Has the Government changed the law to give tenants an automatic right to keep pets?
The short answer may appear to be “yes” but – as always – the devil is in the detail.
Firstly, it’s important to stress that pet ownership within rental property is part of a Model Tenancy Agreement, developed by the Government. It’s only guidance as there is no legal requirement to use this particular type of agreement, in preference to others widely used throughout our industry.
Secondly, as the owner of a much-loved dog, I am certainly not against the idea in principle. Our animals often bring a lot of joy and most pet owners are sensible and responsible.
At the opposite end of the spectrum, I’ve seen some horror stories, ranging from chewed skirting boards and banisters to badly scratched hard flooring and carpets.
As with all things involving humans, poor pet owners can give responsible animal lovers a bad name!
So let’s look at what’s driving Government policy.
Currently, just 7% of private landlords advertise pet-friendly properties – forcing some tenants to give up their beloved pets all together when they need to move home.
Under the new agreement, Ministers say rejections should only be made where there is a good reason.
A good example is somebody hoping to move an excitable and noisy dog into a small flat, creating potential nuisance for new neighbours.
Now responsible tenants with well-behaved pets will be able to secure leases more easily through the new Model Tenancy Agreement, announced by the Government earlier this year.
Landlords using this type of agreement will have to offer consent for pets as the default position.
Those who object must outline their concerns in writing, within 28 days of a written pet request – and provide good reasons if they decide to turn it down.
To protect landlords, tenants will continue to have a legal duty to repair or cover the cost of damage.
All good stuff in principle but it’s important to stress there are constraints.
For a start, there are several types of legal tenancy agreements available and not all follow the Government model, as I explained at the outset.
Secondly, many leasehold properties in Brighton and Hove contain legally-binding clauses to say animals cannot be kept in the buildings.
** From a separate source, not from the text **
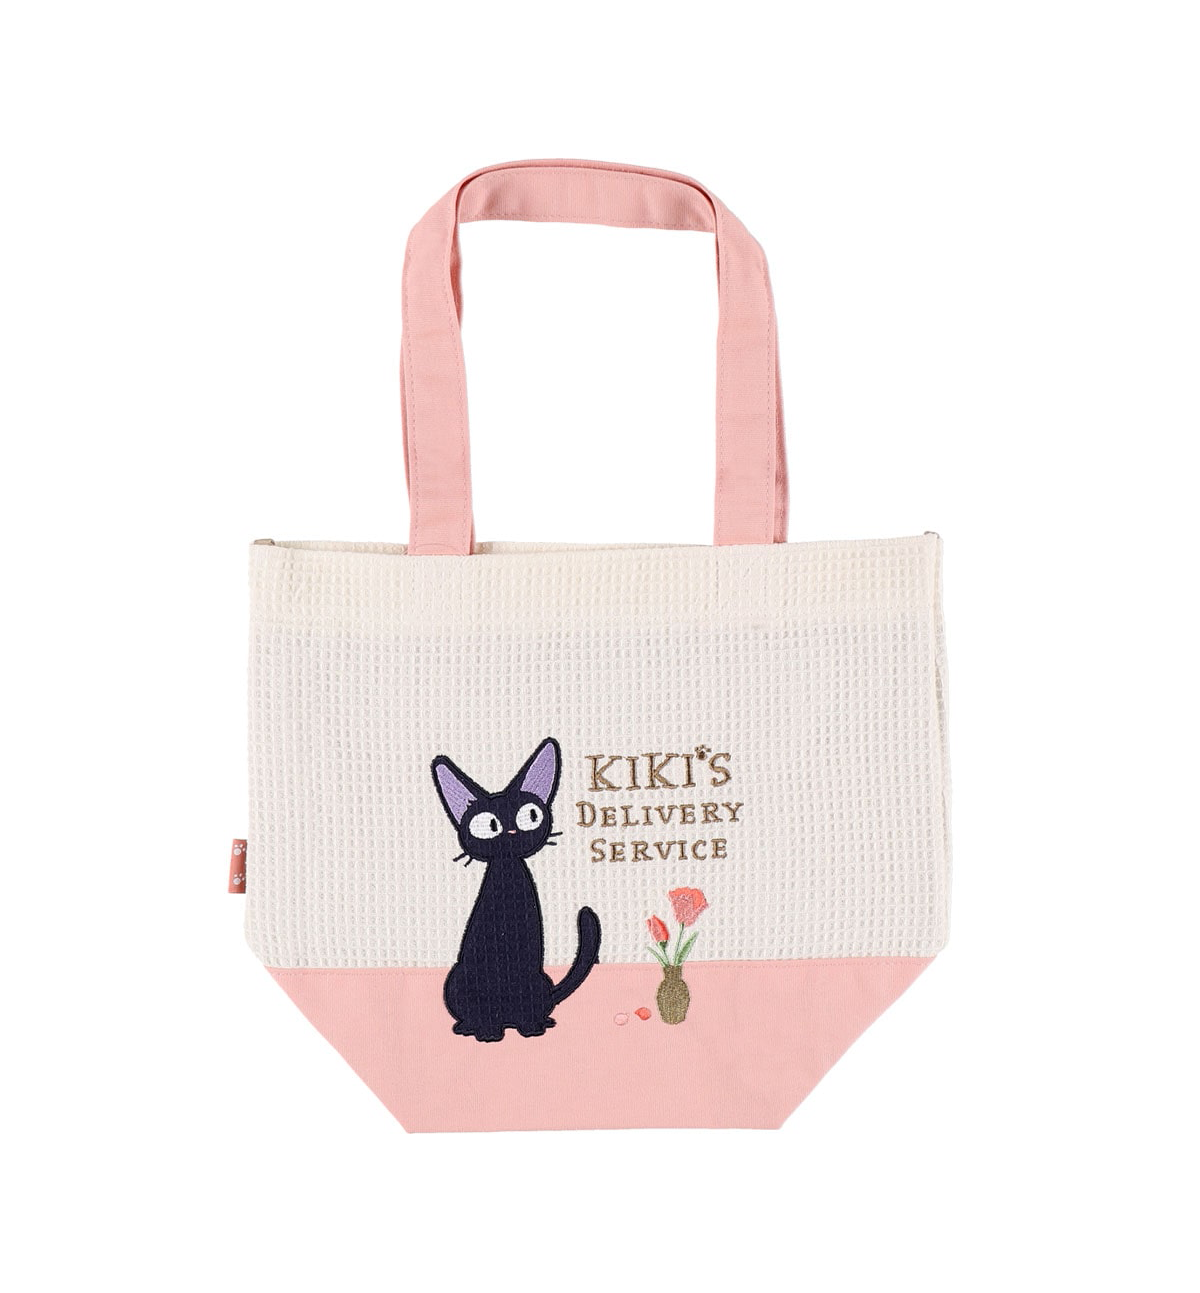 Kiki's Delivery Service Tote Bag [Waffle Jiji]

So how do we get round the thorny issue of pet ownership and help wherever we can?
Before the Government capped tenancy deposits at a maximum of five weeks’ rent, landlords could insist on a larger deposit to cover the potential risk. That option is no longer available.
To compensate, some landlords are now charging higher rents to cover the risk of damage or noise and nuisance. Fair enough – but only if tenants can afford it.
This topic is unlikely to go away and may be covered in the pending Government White Paper, which we’re expecting in the Autumn. We discussed this in last month’s blog.